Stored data
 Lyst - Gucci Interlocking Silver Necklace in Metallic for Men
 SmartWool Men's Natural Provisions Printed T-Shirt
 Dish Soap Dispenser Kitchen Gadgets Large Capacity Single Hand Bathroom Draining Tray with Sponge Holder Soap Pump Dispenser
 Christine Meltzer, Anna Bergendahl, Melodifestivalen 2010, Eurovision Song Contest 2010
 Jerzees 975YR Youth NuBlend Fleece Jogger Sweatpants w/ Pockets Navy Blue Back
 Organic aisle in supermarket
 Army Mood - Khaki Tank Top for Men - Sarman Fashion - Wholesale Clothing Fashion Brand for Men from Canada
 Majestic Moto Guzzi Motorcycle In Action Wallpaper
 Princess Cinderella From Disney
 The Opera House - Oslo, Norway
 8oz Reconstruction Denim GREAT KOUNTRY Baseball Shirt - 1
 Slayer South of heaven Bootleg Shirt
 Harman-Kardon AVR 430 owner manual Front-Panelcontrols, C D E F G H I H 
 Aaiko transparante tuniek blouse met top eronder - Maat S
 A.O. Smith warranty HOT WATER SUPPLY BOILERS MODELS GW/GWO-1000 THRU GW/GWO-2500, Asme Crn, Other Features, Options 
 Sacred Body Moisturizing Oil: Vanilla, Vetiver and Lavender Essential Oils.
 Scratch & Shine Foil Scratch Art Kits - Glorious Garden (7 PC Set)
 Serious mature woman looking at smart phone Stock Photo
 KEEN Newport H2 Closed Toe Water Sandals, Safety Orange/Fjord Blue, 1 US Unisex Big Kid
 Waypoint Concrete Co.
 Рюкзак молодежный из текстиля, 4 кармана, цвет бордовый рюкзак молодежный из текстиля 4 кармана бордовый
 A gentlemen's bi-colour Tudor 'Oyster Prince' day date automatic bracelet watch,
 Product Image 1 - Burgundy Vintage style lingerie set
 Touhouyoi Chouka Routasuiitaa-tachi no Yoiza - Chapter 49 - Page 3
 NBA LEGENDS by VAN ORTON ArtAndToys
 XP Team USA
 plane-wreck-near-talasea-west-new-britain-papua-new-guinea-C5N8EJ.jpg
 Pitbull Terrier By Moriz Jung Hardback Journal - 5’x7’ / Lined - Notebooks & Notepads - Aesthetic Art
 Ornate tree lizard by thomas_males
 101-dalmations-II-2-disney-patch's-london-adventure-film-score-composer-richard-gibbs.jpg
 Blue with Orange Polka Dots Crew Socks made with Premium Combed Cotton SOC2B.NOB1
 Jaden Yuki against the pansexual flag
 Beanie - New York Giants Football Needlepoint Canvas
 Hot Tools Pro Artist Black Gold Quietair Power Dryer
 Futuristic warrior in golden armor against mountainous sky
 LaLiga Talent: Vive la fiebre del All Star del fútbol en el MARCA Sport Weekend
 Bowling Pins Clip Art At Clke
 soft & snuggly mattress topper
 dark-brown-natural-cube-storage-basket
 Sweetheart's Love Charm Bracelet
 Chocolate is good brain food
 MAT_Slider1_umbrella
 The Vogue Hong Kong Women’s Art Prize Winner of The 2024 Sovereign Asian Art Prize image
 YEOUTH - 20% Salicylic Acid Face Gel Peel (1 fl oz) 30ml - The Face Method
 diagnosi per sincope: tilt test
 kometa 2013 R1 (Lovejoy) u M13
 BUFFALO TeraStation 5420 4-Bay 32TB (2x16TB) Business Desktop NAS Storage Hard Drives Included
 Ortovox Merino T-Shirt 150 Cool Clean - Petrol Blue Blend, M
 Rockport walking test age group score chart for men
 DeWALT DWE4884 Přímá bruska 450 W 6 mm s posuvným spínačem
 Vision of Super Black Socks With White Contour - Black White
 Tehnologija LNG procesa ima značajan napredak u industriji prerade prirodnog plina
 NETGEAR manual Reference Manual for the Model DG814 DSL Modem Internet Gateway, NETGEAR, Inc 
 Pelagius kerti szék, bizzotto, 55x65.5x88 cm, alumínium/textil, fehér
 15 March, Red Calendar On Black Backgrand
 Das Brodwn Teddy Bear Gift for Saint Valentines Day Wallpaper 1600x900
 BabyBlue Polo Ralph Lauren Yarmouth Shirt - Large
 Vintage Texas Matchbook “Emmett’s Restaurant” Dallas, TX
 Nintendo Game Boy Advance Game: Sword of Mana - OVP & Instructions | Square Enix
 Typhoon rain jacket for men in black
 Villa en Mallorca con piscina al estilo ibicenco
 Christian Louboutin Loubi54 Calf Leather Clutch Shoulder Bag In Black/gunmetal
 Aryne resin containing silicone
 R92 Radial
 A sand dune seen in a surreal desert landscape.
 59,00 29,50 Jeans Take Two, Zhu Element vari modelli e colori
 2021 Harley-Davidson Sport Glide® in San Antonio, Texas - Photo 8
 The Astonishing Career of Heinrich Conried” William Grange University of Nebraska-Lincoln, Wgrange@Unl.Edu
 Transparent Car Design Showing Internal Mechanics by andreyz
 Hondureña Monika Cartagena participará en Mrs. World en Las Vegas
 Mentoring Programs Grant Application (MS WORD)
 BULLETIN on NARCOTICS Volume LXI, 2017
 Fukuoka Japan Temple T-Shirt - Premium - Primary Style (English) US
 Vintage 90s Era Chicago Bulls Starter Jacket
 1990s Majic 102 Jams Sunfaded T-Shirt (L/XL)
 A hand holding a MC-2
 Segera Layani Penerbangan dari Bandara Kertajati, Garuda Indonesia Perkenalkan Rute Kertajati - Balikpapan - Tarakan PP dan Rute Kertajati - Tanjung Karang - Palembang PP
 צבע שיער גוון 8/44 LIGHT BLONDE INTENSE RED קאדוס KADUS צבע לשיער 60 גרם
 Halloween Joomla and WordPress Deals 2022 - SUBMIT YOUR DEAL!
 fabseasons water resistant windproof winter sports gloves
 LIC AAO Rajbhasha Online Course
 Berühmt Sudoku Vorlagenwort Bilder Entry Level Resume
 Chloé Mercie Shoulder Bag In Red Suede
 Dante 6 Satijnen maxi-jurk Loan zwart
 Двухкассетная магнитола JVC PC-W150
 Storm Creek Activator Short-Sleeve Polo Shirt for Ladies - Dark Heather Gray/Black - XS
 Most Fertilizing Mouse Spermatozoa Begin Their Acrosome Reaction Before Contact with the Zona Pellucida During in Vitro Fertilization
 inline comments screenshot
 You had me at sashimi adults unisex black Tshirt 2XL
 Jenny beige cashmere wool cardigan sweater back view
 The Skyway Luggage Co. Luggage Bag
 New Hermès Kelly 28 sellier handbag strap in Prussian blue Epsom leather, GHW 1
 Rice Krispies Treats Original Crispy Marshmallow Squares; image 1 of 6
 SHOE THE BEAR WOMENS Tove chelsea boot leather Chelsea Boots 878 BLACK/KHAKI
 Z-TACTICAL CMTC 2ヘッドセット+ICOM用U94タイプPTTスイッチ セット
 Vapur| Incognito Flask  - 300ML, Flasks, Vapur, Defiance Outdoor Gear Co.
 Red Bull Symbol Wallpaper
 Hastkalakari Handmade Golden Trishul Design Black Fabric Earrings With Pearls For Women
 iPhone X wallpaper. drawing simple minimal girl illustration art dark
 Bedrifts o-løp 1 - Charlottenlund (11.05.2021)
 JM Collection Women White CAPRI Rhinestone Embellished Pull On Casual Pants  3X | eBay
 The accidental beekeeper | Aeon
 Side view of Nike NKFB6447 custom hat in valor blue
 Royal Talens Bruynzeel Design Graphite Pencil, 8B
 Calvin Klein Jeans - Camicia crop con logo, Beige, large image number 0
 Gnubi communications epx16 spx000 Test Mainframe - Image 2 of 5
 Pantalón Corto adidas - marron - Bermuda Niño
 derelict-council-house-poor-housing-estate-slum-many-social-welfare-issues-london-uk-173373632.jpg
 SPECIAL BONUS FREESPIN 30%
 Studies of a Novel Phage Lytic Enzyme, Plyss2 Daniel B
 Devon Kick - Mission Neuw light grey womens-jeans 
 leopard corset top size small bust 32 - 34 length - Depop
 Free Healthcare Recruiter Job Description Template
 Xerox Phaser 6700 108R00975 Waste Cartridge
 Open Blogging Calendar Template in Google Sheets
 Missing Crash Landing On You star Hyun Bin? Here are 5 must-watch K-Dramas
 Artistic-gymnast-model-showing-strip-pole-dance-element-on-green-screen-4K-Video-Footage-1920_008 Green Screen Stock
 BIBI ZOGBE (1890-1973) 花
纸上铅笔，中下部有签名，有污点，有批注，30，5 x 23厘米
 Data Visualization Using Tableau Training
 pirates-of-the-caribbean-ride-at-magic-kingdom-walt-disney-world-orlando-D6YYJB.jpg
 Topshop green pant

**WHAT TO PRODUCE**
Starting with the line with "Chloé Mercie Shoulder Bag In Red Suede" above and going on through the line with "The Skyway Luggage Co. Luggage Bag", transcribe every line exactly, both ends included, and add nothing.

**OUTPUT OF THE EXERCISE**
 Chloé Mercie Shoulder Bag In Red Suede
 Dante 6 Satijnen maxi-jurk Loan zwart
 Двухкассетная магнитола JVC PC-W150
 Storm Creek Activator Short-Sleeve Polo Shirt for Ladies - Dark Heather Gray/Black - XS
 Most Fertilizing Mouse Spermatozoa Begin Their Acrosome Reaction Before Contact with the Zona Pellucida During in Vitro Fertilization
 inline comments screenshot
 You had me at sashimi adults unisex black Tshirt 2XL
 Jenny beige cashmere wool cardigan sweater back view
 The Skyway Luggage Co. Luggage Bag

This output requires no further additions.